SPY’s Trading Volume Highlights Advisor Enthusiasm Toward ETFs

When it comes to the U.S. market in 2025, things have proven to be a tad bit more volatile than some experts may have expected.

Worse yet, market conditions don’t seem to be becoming less certain anytime soon. Escalating tariff threats and inflationary pressures are making it difficult to see what lies ahead. To top it all off, odds of the U.S. entering a recession this year are continuing to ebb and flow.

With all these factors in mind, many advisors and investors are still in the midst of reassessing their portfolio allocations. By examining where assets are flowing, one can gain a better understanding of which portfolio strategies are currently standing out.

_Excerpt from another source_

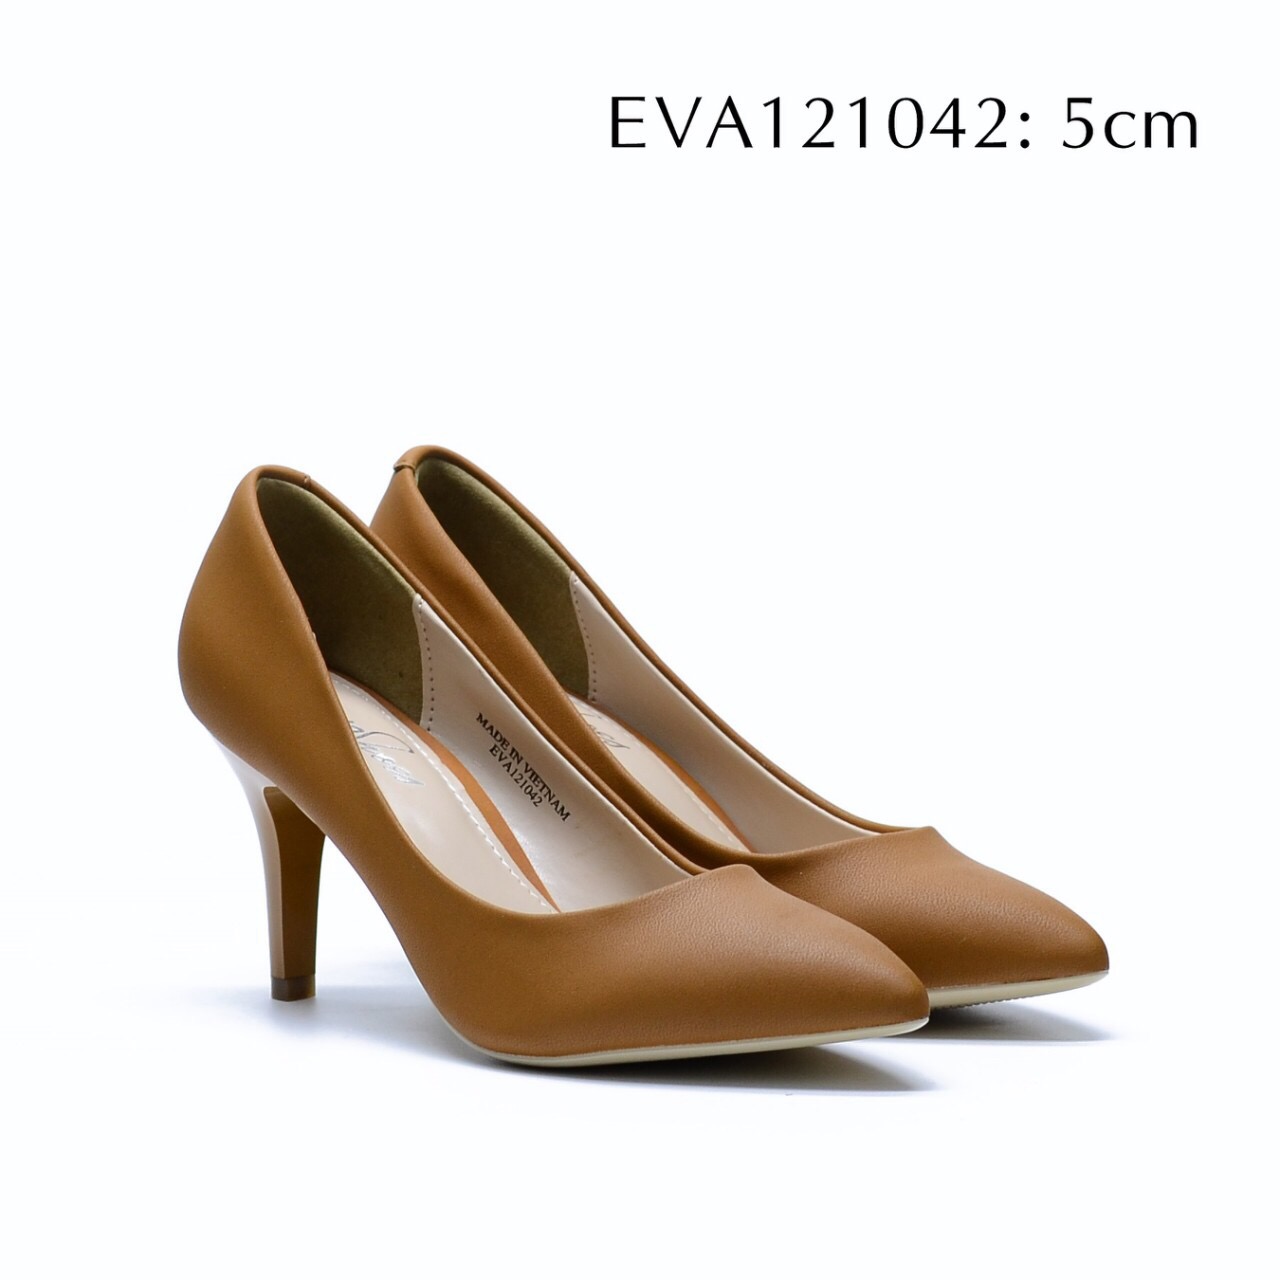 Giày công sở trẻ trung EVA121042 thiết kế đơn giản tạo nét đẹp duyên dáng

Examining SPY's Fund Flows

The SPDR S&P 500 ETF Trust (SPY) needs no introduction. As one of the largest ETFs in the world, SPY is a reliable vehicle for fostering access to the equity market. Due to its highly regarded status, SPY can also be viewed as a bellwether for how advisors are valuing the S&P 500 at the moment.

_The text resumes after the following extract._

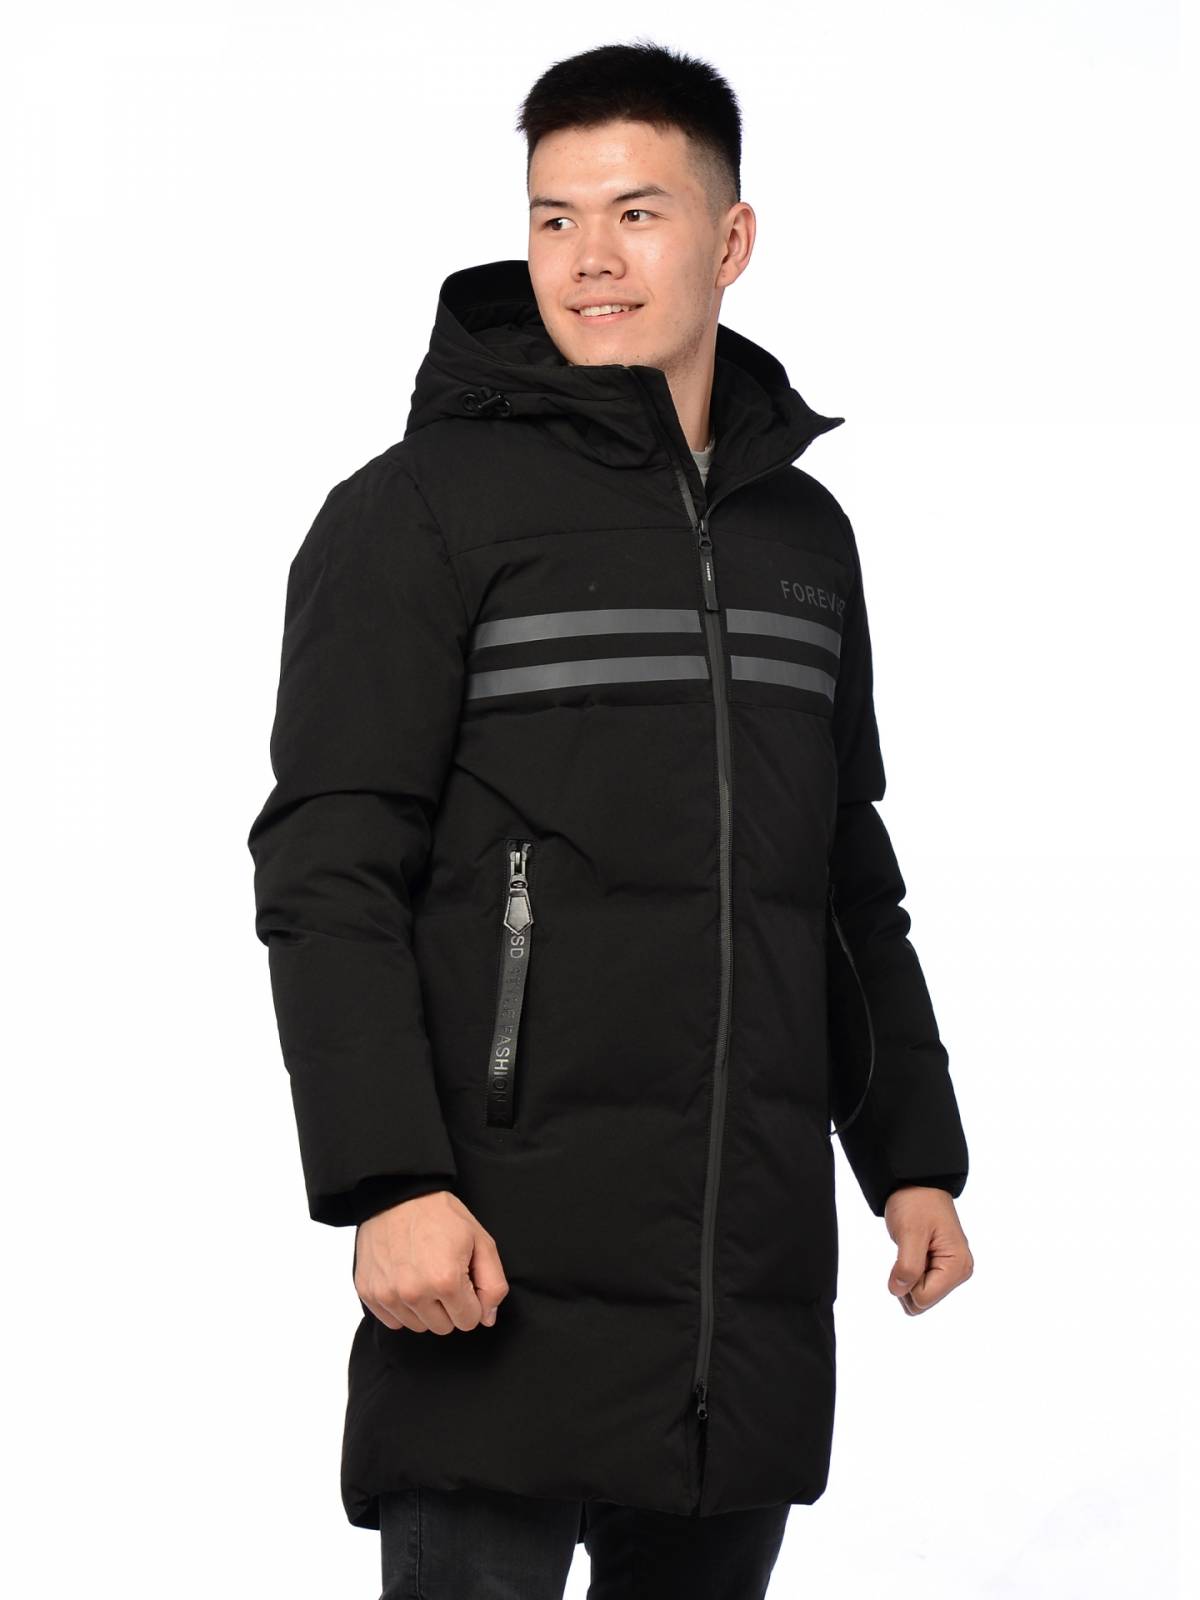 Зимняя куртка мужская Kasadun 3880 черная 54 RU

Fund flows data from FactSet helps illuminate how SPY’s advisor experience has shifted over the last month or so. During the month of March, SPY was negatively impacted as some investors moved out of equities.

However, these outflows may very well have occurred for reasons outside of the fund’s control. When the U.S. market became especially roiled, advisors may have looked to pivot from equities to more risk-averse assets. This could include “safe havens” like bonds or cash strategies, or international equities with low correlation to the United States.